Was ist den die Last....was wird mit den 250kW betrieben?


----------



## Thomas_v2.1 (31 August 2017)

Schau mal aufs Typenschild ob das überhaupt ein 230/400V Motor ist. Denn Standard bei Normmotoren und der Leistungsklasse ist eigentlich 400/690V, d.h. bei 400V im Dreieck, damit ein Stern-Dreieck Anlauf realisiert werden kann.


----------



## weißnix_ (31 August 2017)

Oder er hat 'nen FU am >690V Netz.


----------



## Salzebrezel (27 September 2017)

Vielen Dank für eure Antworten.

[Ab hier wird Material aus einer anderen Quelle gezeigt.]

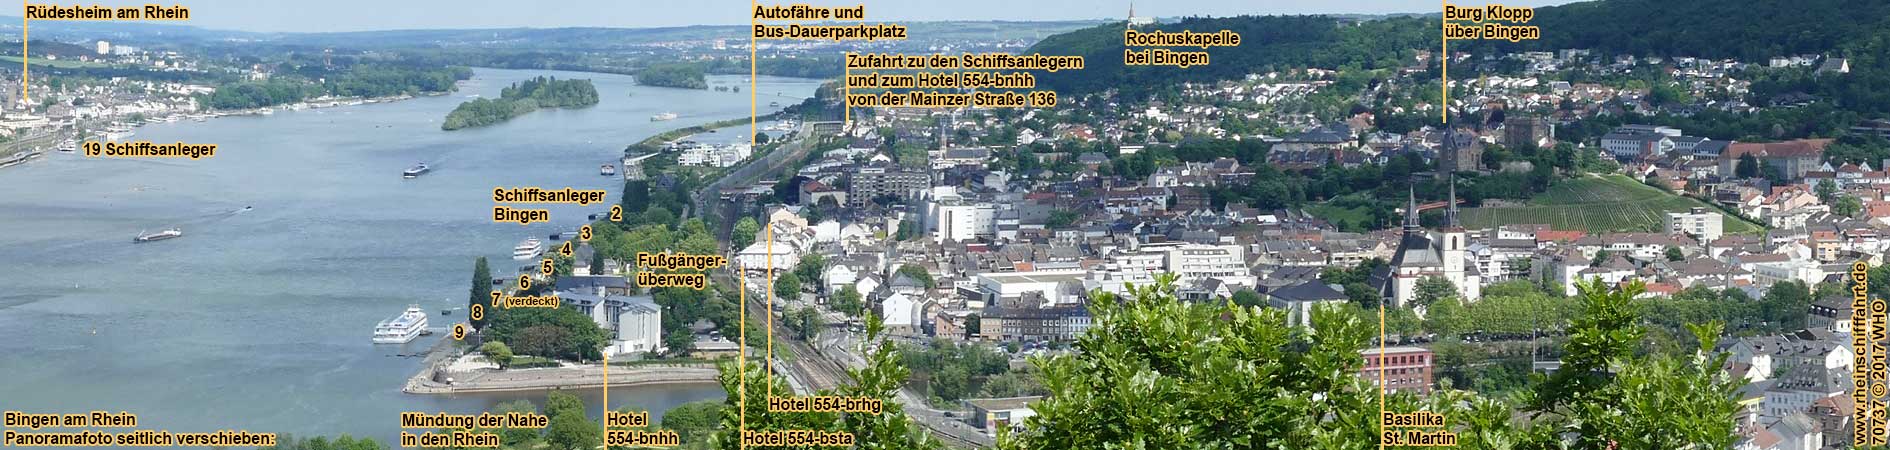 Bingen am Rhein. Panoramafoto mit Schiffsanlegern.

Der Umbau hat statt gefunden und die Anlage läuft nun im 87Hz Mode.


----------



## shrimps (27 September 2017)

Was wurde umgebaut ?
230v oder 400v oder ?
Viele Ideen aber keine Rückdetails.
So lerne ich leider nicht viel...
Sorry 
Shrimps

Gesendet von meinem ONEPLUS A3003 mit Tapatalk


----------



## Blockmove (27 September 2017)

shrimps schrieb:


> Viele Ideen aber keine Rückdetails.
> So lerne ich leider nicht viel...
> Sorry
> Shrimps



Tja war ja auch nicht der Sinn dass du was lernst


----------